Compare the purpose of the Lithium Acetate and the salmon sperm DNA in the yeast transformation process.
The CRISPR DNA must pass through both the cell wall and the cell membrane to get into the yeast cell.
- The purpose of LiAc is to neutralize negative charge repulsion between the cell membrane (composed of phospholipids with phosphate groups that are negatively charged), and DNA (phosphate groups negatively charged).

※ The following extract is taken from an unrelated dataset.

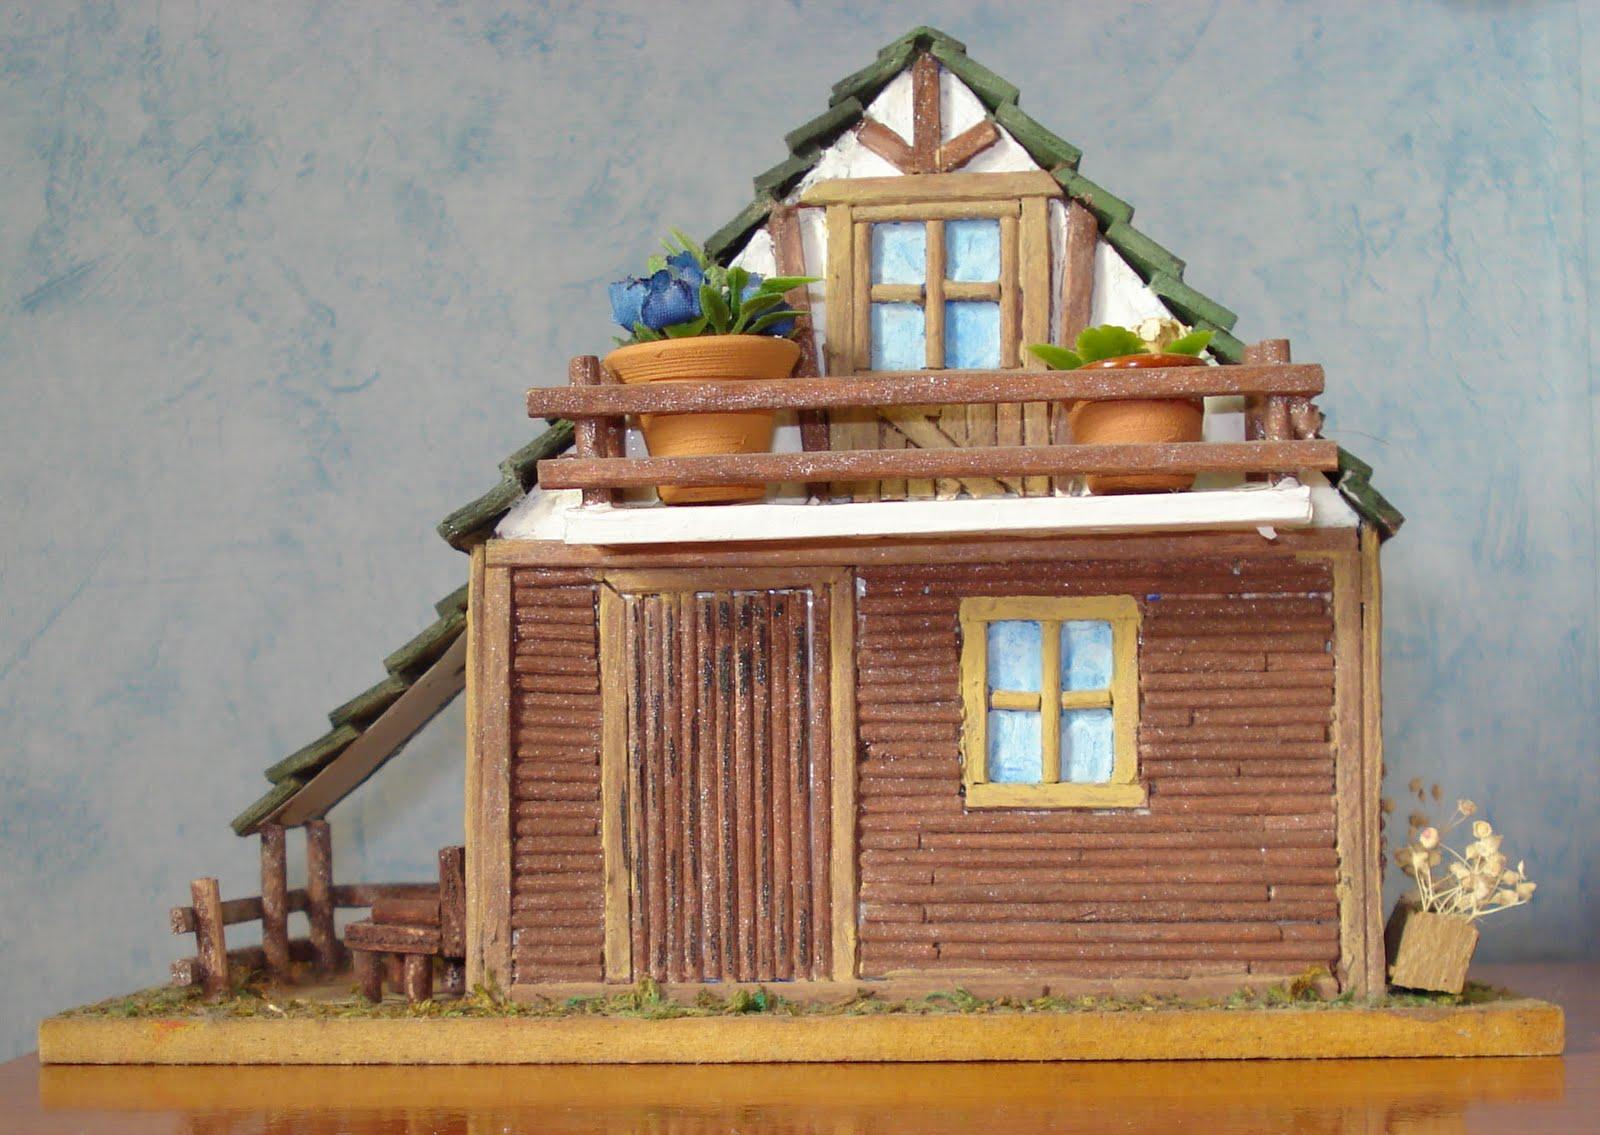 Manualidades Y Otros Entretenimientos Como Hacer Una Casa Con Papel - Casa-de-manualidades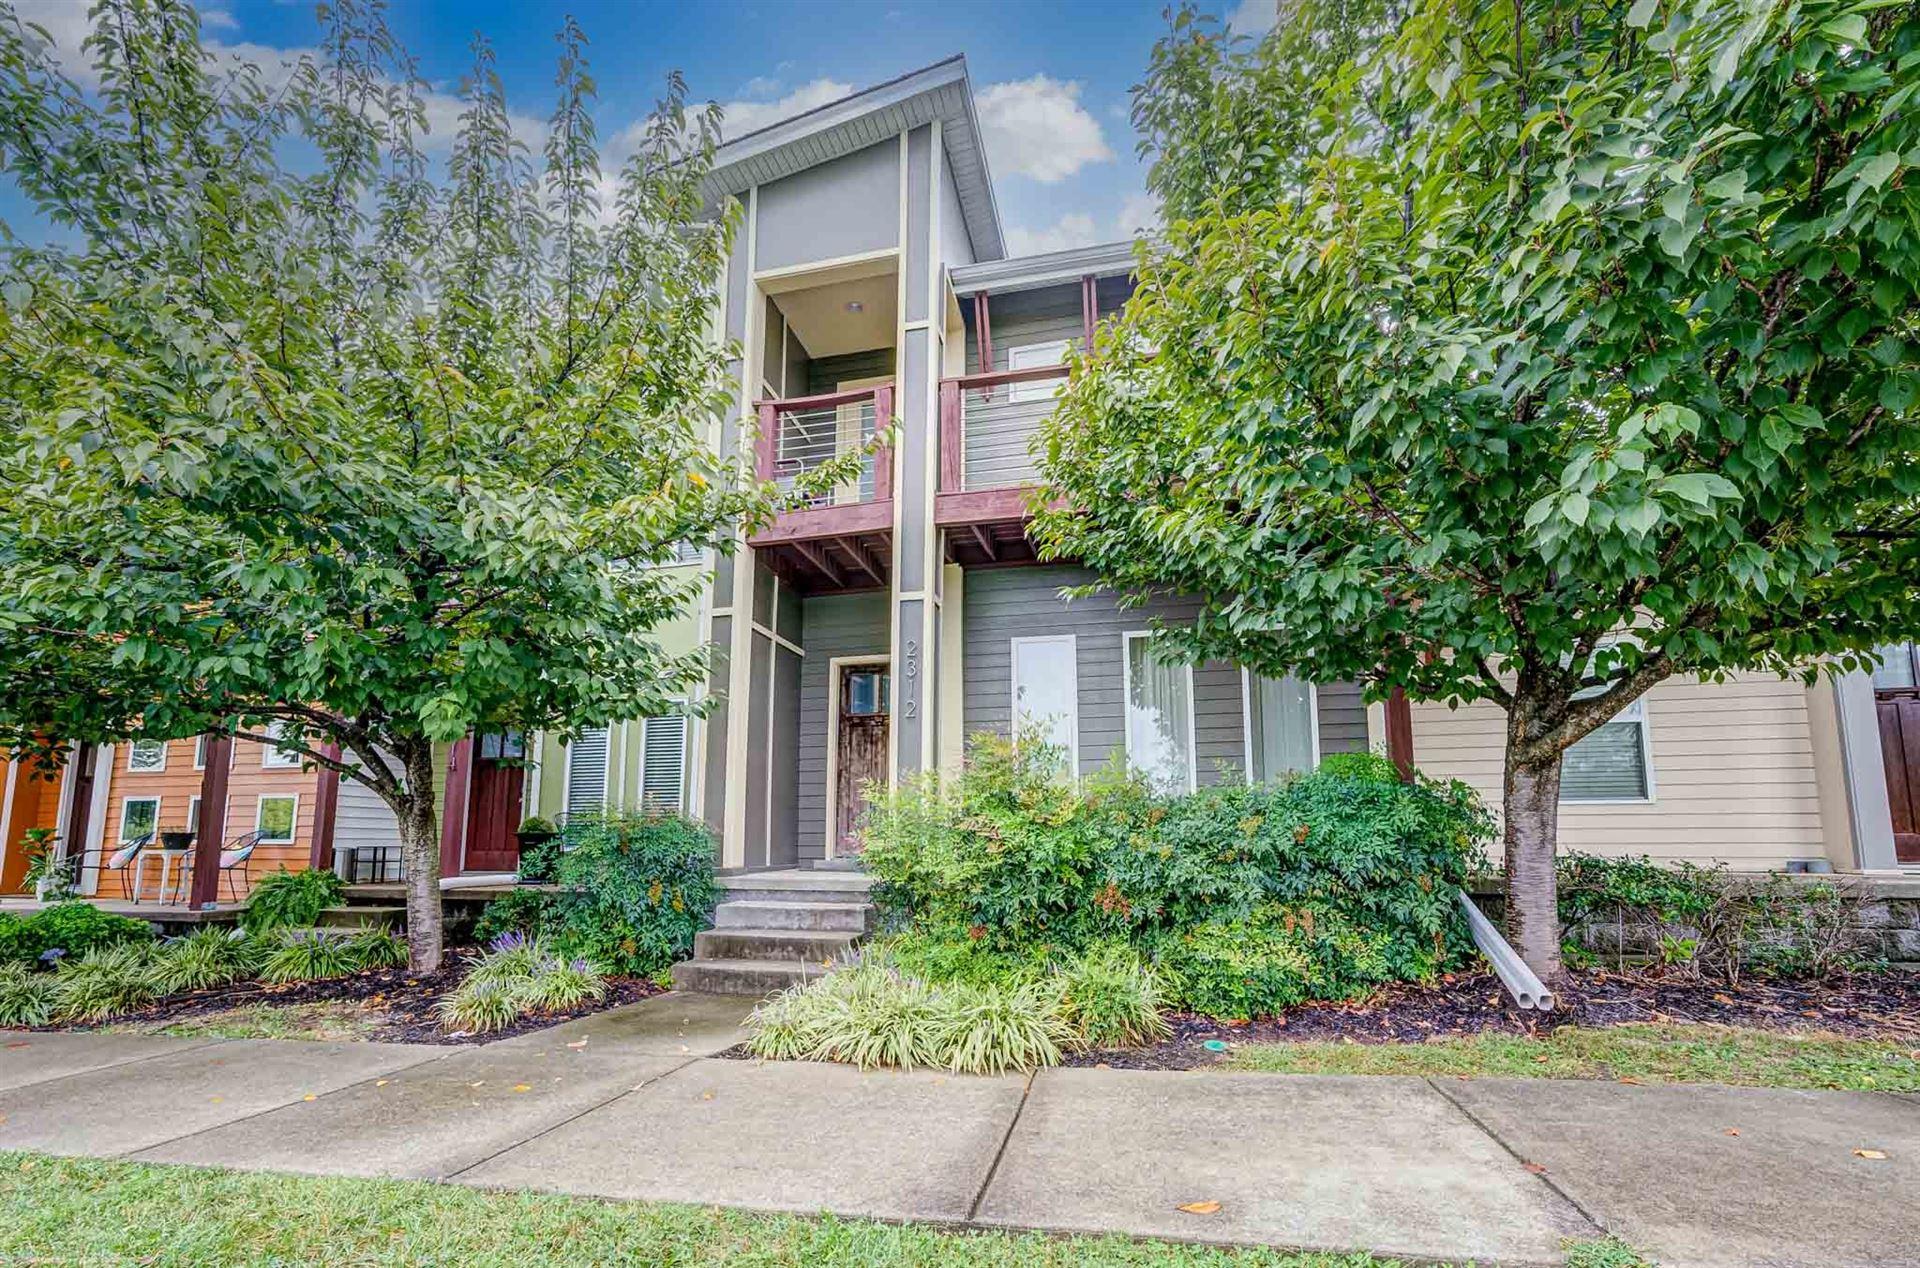 Photo of 2312 Zermatt Ave, Nashville, TN 37211 (MLS # 2292478)

- The cell wall (different cellular and molecular structure than cell membrane) is composed of protein and polysaccharide molecules. The purpose of the salmon sperm DNA is to increase efficiency of uptake of CRISPR DNA through various means, like limiting endonuclease degradation of the CRISPR DNA, as well as limiting non-specific interactions for example between the CRISPR DNA and cell wall.